PGA Tour playoff record (3–0)

| No. | Year | Tournament | Opponent | Result |
|---|---|---|---|---|
| 1 | 1963 | Portland Open Invitational | USA Mason Rudolph | Won with eagle on first extra hole |
| 2 | 1964 | Fresno Open Invitational | CAN Al Balding | Won with birdie on second extra hole |
| 3 | 1970 | Robinson Open Golf Classic | USA George Archer | Won with par on fourth extra hole |

===Canadian wins (16)===
This list may be incomplete
- 1958 Manitoba Open
- 1959 Manitoba Open
- 1960 Manitoba Open, Ontario Open
- 1961 Ontario Open
- 1964 Canadian PGA Championship
- 1966 Millar Trophy
- 1967 Canadian PGA Championship
- 1968 Canadian PGA Championship
- 1971 Ontario Open
- 1976 Canadian PGA Championship
- 1976 Ontario Open
- 1977 Canadian PGA Championship, Shrine Pro-Am (shared with Dan Halldorson and Gar Hamilton)
- 1978 Ontario Open, Shrine Pro-Am

=== Latin American wins (4) ===

- 1962 Maracaibo Open Invitational, Puerto Rico Open
- 1963 Panama Open
- 1964 Caracas Open

=== Other wins (3) ===

- 1966 Canada Cup (individual trophy)
- 1968 World Cup (team event with Al Balding)
- 1969 Wills Masters (Australia)

==Results in major championships==

| Tournament | 1962 | 1963 | 1964 | 1965 | 1966 | 1967 | 1968 | 1969 | 1970 | 1971 | 1972 | 1973 | 1974 |
|---|---|---|---|---|---|---|---|---|---|---|---|---|---|
| Masters Tournament |  |  |  | 10 | T6 | T31 | T28 | T2 | T45 |  |  | CUT |  |
| U.S. Open |  |  |  | T17 | T44 |  |  | T36 | T61 |  |  |  | T51 |
| PGA Championship | T51 |  | T28 | T20 | T43 |  |  | T25 | T55 | CUT | CUT | T56 |  |

Note: Knudson never played in The Open Championship.

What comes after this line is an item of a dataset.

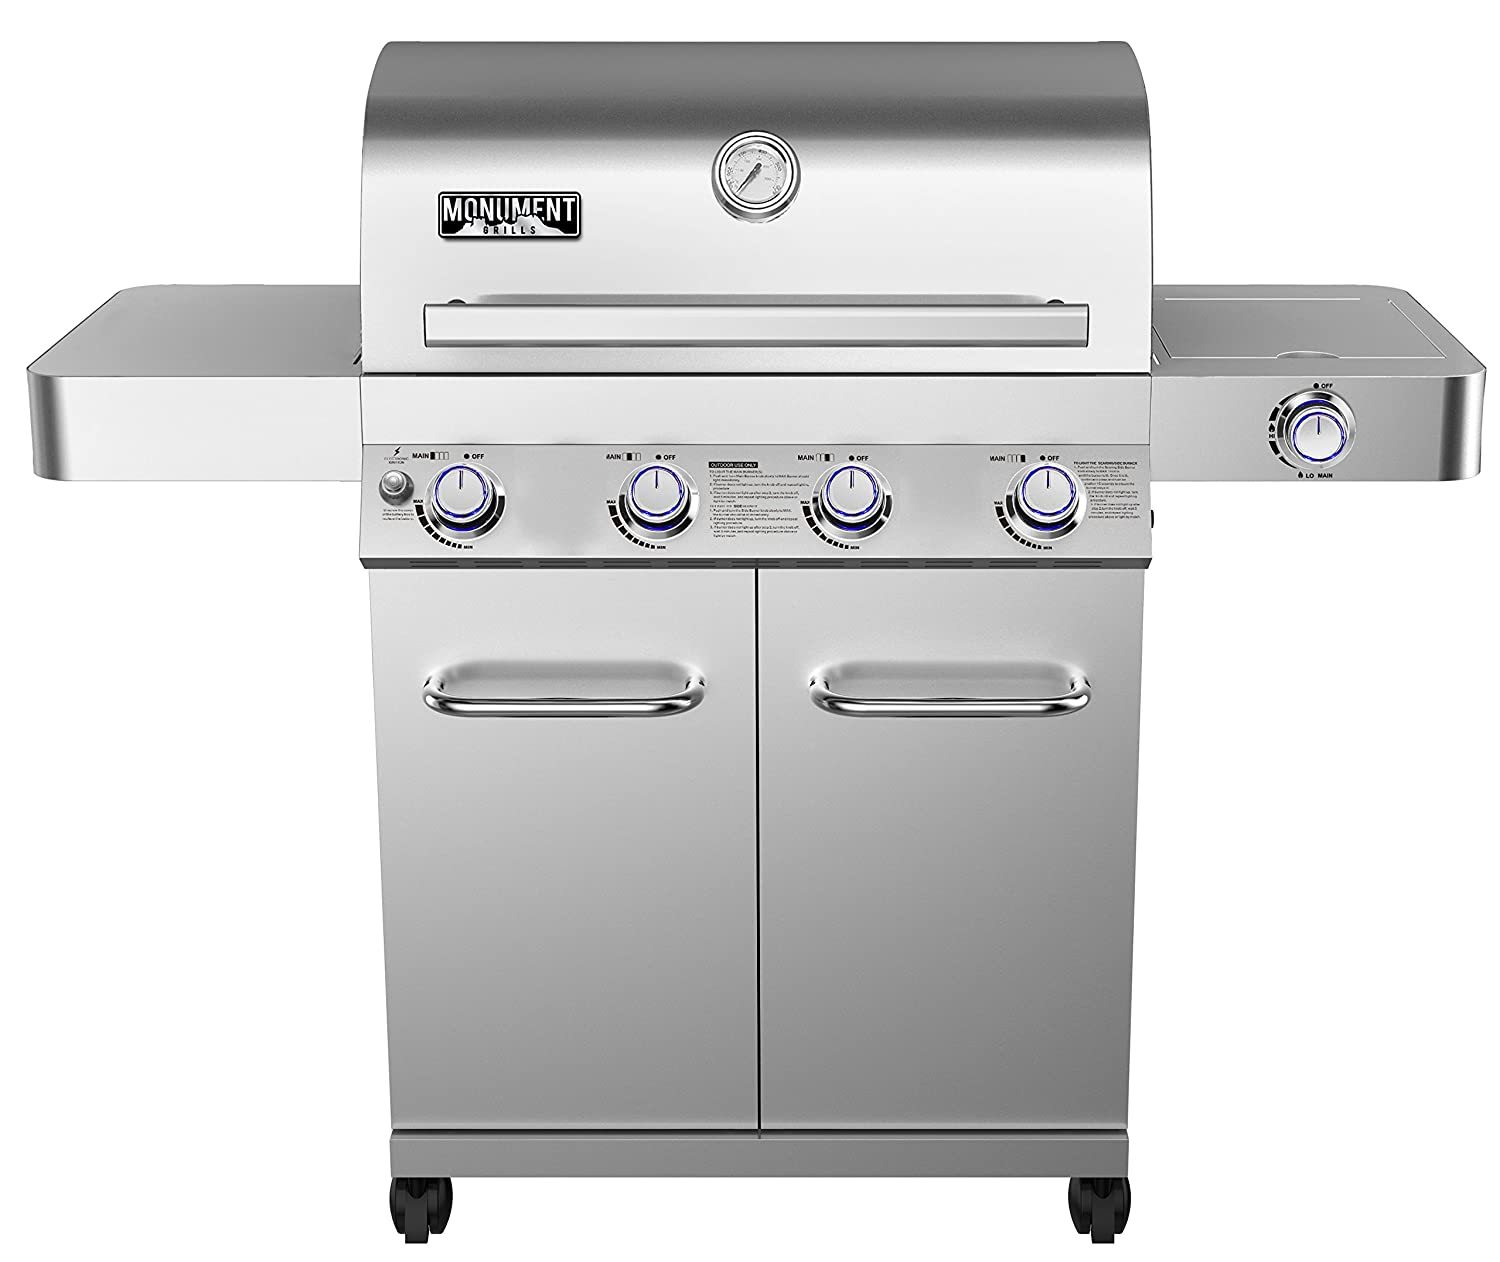 Monument Grills Stainless Steel 4 Burner Propane Gas Grill
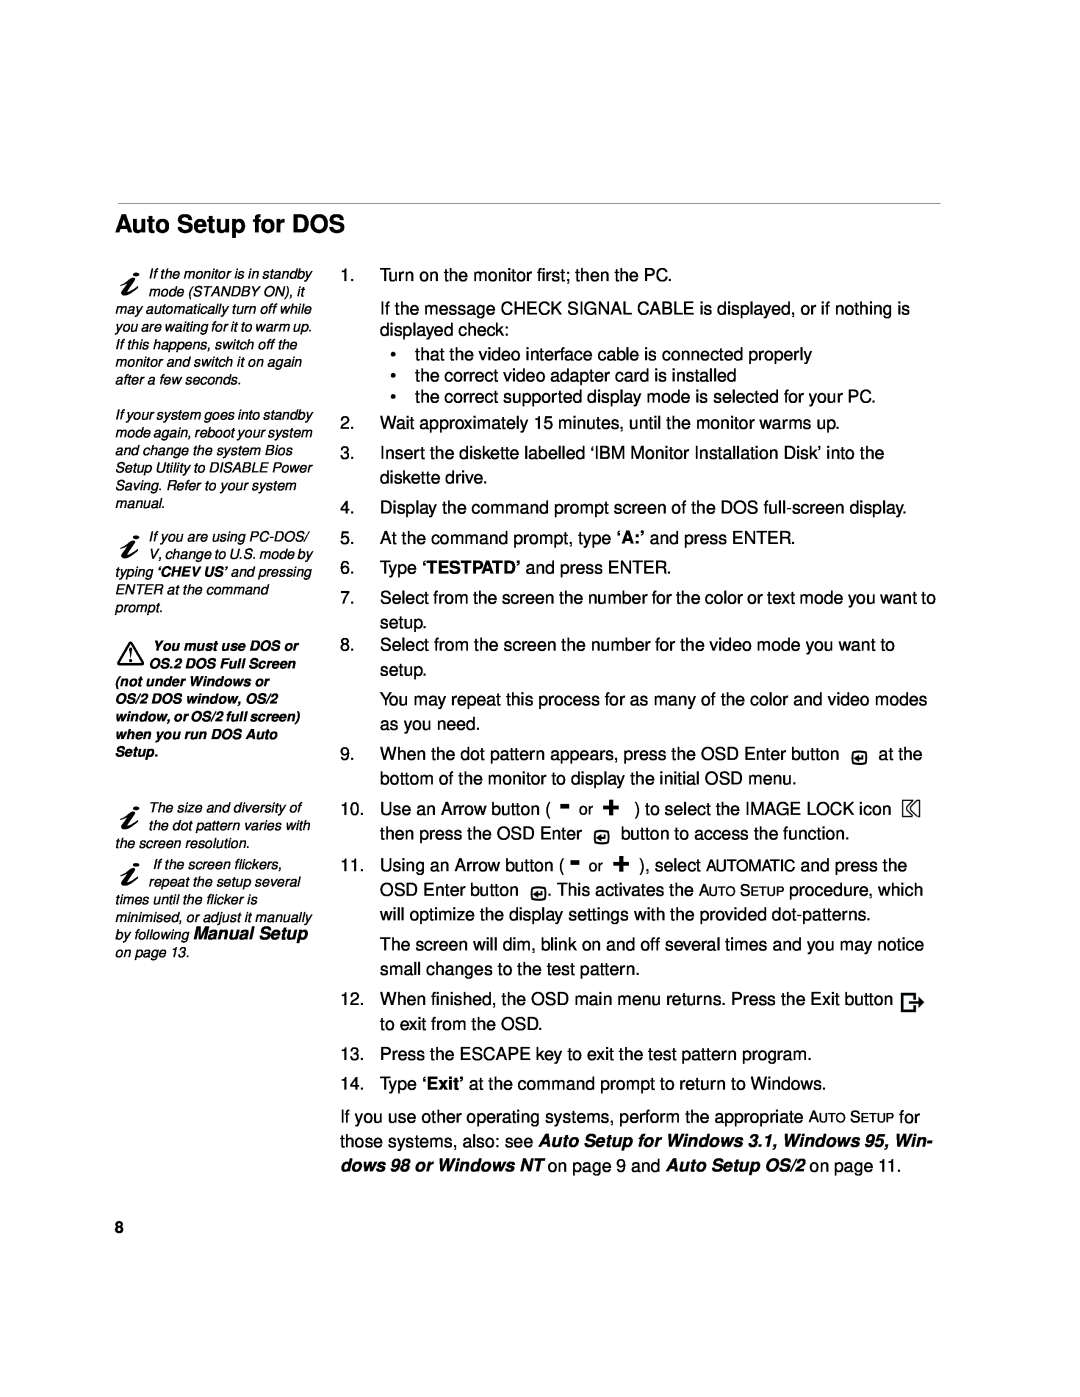 IBM 21L4364, 9519-AW1, 9519-AG1, T 85A Auto Setup for DOS, dows 98 or Windows NT on page 9 and Auto Setup OS/2 on page

CUT = missed the half-way cut

"T" indicates a tie for a place

===Summary===

| Tournament | Wins | 2nd | 3rd | Top-5 | Top-10 | Top-25 | Events | Cuts made |
|---|---|---|---|---|---|---|---|---|
| Masters Tournament | 0 | 1 | 0 | 1 | 3 | 3 | 7 | 6 |
| U.S. Open | 0 | 0 | 0 | 0 | 0 | 1 | 5 | 5 |
| The Open Championship | 0 | 0 | 0 | 0 | 0 | 0 | 0 | 0 |
| PGA Championship | 0 | 0 | 0 | 0 | 0 | 2 | 9 | 7 |
| Totals | 0 | 1 | 0 | 1 | 3 | 6 | 21 | 18 |

- Most consecutive cuts made – 16 (1962 PGA – 1970 PGA)
- Longest streak of top-10s – 1 (three times)

==Team appearances==
Amateur
- Americas Cup (representing Canada): 1956

Professional
- World Cup (representing Canada): 1962, 1964, 1965, 1966 (individual winner), 1967, 1968 (winners), 1969, 1976, 1977

== Bibliography ==

- The Natural Golf Swing (ISBN 0-7710-4534-4), with Lorne Rubenstein.